Adaptive routing

Live-learning EMA over (task_type × complexity × provider × model) cells, updated by real judge and user feedback.

Provara's adaptive router doesn't pre-train a classifier on labeled data. Instead, every piece of quality feedback — user 1–5 ratings and LLM-as-judge scores — nudges a per-cell EMA (exponential moving average). Over time, models that actually produce good answers win more traffic in the cells they're good at.

Cells

A cell is the tuple (task_type, complexity). Provara classifies every incoming prompt into one of 15 cells (5 task types × 3 complexities):

task_type: coding, creative, summarization, qa, general
complexity: simple, medium, complex

The classifier is heuristic (keyword + length + pattern signals). It's intentionally simple — adaptive scoring is the layer that makes routing smart. If a model consistently wins on coding + complex, the router learns that from outcomes, regardless of whether the classifier's "complex" label is perfect.

EMA update

On every judged response:

new_score = alpha * judge_score + (1 - alpha) * old_score
sample_count += 1

alpha defaults to 0.1 — new samples nudge the score but don't flip it overnight. Stored in model_scores keyed by (tenant_id, task_type, complexity, provider, model), persisted across restarts.

Routing decision

Given a request and its classified cell, the router:

Filters candidates to models with sample_count >= MIN_SAMPLES (default 5)
Applies routing weights {quality, cost, latency} — defaults per routing profile (cost, balanced, quality), overridable per-token
Scores each candidate: weights.quality * norm(score) + weights.cost * norm(cost) + weights.latency * norm(latency)
Picks the top score

ε-greedy exploration bypasses the EMA with probability PROVARA_EXPLORATION_RATE (default 0.1) and picks uniformly at random, so one model can't win a cell forever without alternatives getting tested.

Stale cell detection

A cell is stale when its most recent update is older than PROVARA_STALE_AFTER_DAYS (default 30). Stale cells get a boosted exploration rate (PROVARA_STALE_EXPLORATION_RATE, default 0.5) — when traffic arrives, half the time we'll explore off the stale winner.
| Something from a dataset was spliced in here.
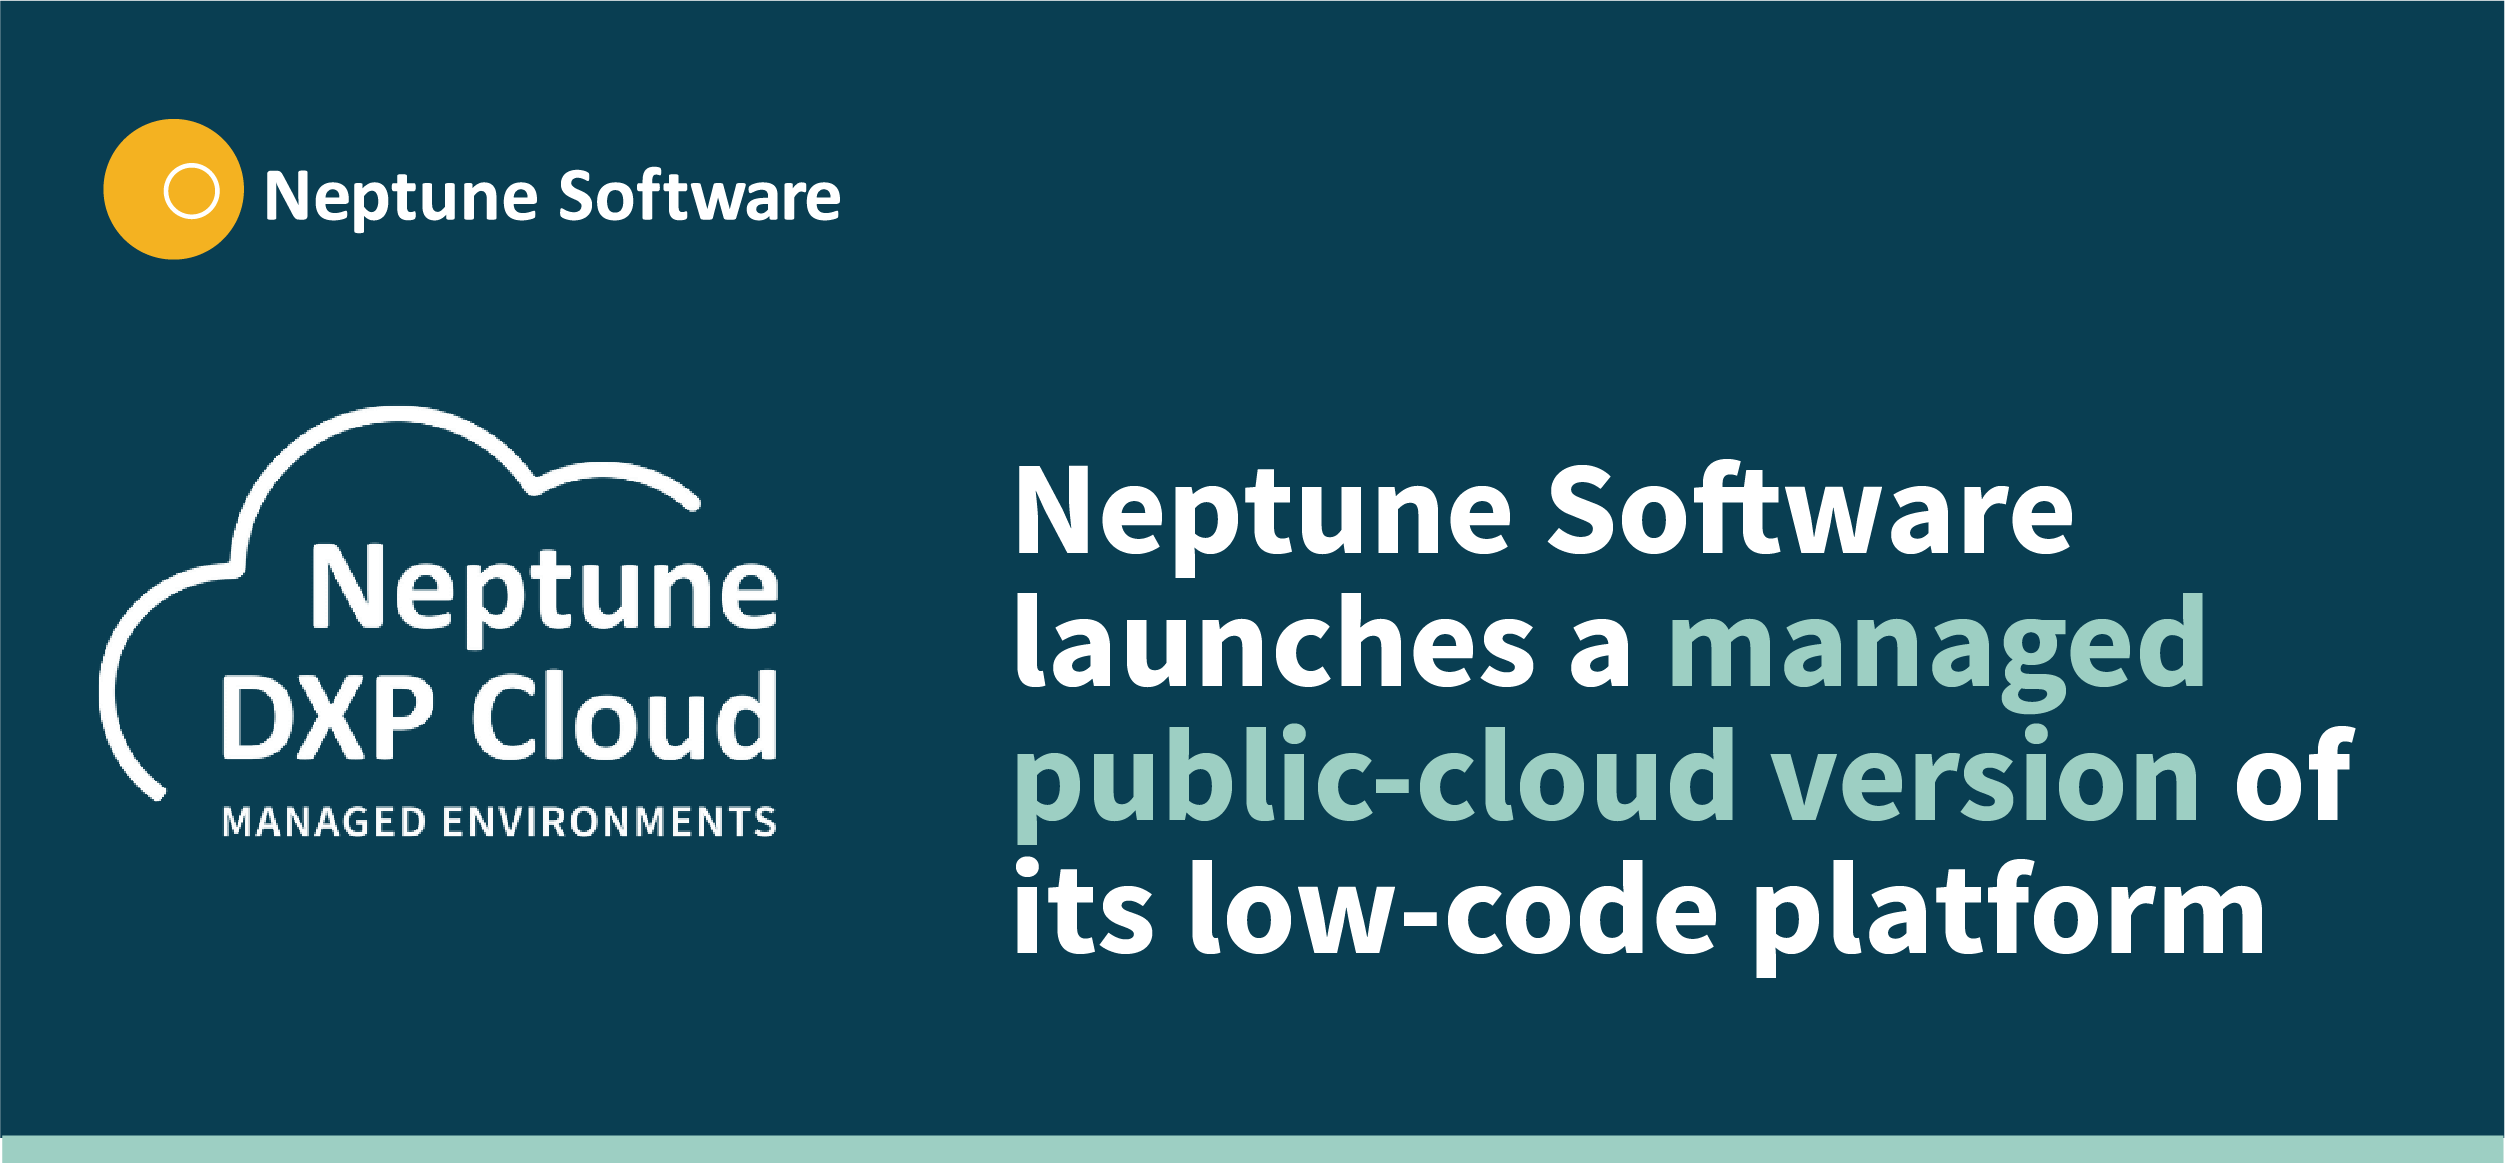 Neptune DXP Cloud

Forces ground-truth refresh without silently trusting an EMA that hasn't updated in months. Dashboard renders stale cells with an amber badge.

Tuning

Env var	Default	Effect
`PROVARA_MIN_SAMPLES`	`5`	Minimum samples before a cell routes adaptively
`PROVARA_EXPLORATION_RATE`	`0.1`	Base ε-greedy rate
`PROVARA_STALE_EXPLORATION_RATE`	`0.5`	Boosted rate when the cell is stale
`PROVARA_STALE_AFTER_DAYS`	`30`	Cutoff for staleness
`PROVARA_REGRESSED_EXPLORATION_RATE`	`0.5`	Boosted rate when a regression fires (#163)

What this isn't

Not a pre-trained classifier. No training step to maintain, no re-training when new models ship. Quality converges from real outcomes.
Not federated. EMAs are tenant-scoped; no cross-tenant pooling.
Not real-time ML. The EMA is a classical online-learning formula — transparent, cheap, auditable.